Provided entries:
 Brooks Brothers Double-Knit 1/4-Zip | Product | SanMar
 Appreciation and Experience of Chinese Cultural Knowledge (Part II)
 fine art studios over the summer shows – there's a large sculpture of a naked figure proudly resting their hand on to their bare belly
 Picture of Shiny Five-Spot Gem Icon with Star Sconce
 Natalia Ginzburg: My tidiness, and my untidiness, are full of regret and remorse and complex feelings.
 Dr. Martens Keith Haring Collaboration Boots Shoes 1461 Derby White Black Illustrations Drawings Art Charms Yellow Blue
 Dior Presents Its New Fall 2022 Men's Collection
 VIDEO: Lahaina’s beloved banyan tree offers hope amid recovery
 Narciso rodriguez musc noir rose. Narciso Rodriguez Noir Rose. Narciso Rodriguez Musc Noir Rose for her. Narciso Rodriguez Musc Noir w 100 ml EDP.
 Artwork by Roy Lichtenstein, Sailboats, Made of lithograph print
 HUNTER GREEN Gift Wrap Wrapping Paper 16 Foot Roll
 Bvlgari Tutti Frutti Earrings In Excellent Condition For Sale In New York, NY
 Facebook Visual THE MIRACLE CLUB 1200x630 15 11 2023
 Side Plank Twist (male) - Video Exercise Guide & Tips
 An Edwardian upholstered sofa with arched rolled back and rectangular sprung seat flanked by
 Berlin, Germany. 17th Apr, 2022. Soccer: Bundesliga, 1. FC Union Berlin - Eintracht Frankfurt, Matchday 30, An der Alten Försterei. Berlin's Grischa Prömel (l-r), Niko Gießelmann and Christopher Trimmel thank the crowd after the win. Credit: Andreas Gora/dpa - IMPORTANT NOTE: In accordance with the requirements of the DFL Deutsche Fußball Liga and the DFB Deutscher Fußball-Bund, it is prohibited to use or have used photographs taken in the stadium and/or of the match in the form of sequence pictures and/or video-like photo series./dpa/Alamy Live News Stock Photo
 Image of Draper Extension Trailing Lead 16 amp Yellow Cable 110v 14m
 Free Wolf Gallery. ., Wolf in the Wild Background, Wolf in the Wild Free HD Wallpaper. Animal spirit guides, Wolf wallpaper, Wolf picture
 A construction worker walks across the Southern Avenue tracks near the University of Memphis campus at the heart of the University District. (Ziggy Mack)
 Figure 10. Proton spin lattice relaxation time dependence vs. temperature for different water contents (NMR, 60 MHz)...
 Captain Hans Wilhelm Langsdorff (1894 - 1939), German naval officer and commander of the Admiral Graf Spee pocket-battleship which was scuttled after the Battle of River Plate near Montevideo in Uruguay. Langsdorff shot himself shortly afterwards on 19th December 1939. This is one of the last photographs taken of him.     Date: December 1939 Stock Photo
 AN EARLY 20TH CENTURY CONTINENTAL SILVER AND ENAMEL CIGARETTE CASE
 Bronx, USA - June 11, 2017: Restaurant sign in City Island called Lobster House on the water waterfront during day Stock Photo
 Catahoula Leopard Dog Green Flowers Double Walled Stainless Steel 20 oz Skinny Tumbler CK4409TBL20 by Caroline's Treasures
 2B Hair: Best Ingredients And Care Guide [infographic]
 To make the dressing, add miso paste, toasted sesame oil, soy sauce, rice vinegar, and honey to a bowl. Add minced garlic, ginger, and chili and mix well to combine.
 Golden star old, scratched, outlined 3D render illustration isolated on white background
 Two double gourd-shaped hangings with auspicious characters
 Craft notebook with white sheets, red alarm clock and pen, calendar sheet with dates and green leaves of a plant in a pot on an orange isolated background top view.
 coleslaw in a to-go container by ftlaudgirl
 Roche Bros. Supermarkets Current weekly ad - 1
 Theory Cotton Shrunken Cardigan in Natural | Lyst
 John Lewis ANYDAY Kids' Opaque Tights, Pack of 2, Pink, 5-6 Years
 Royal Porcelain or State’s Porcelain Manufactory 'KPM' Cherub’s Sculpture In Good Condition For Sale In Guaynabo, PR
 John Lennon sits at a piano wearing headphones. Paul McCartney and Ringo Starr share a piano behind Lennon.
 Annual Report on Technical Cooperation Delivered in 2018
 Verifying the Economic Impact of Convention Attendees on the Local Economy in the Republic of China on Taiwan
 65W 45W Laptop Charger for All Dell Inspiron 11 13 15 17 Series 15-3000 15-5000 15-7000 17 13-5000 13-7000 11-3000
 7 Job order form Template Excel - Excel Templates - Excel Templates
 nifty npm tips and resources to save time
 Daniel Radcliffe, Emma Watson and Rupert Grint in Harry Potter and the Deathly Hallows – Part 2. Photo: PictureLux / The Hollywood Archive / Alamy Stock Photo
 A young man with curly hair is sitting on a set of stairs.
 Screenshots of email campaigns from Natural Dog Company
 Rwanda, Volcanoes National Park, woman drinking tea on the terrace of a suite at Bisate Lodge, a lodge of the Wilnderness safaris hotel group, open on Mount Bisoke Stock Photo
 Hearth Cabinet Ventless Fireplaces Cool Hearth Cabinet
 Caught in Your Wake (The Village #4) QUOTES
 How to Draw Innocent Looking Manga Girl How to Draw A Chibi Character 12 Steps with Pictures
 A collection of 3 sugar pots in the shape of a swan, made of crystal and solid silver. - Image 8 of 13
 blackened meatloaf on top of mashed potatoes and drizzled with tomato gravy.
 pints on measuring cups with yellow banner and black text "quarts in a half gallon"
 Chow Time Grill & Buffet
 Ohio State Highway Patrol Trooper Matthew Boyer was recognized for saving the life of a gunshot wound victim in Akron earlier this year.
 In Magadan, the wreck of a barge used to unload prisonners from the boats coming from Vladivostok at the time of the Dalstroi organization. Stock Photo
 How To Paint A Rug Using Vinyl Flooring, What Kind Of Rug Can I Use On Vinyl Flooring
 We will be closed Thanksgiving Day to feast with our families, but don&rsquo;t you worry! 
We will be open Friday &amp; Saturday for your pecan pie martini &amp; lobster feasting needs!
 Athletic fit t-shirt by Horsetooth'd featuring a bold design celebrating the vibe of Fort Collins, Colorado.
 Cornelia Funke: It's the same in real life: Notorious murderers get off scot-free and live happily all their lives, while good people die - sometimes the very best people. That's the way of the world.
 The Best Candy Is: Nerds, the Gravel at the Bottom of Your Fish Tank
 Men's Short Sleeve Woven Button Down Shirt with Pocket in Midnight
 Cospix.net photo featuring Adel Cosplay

Activity: Looking at the material above, say how many of its lines include "Alamy", and give nothing besides the number.

Result of this exercise: 2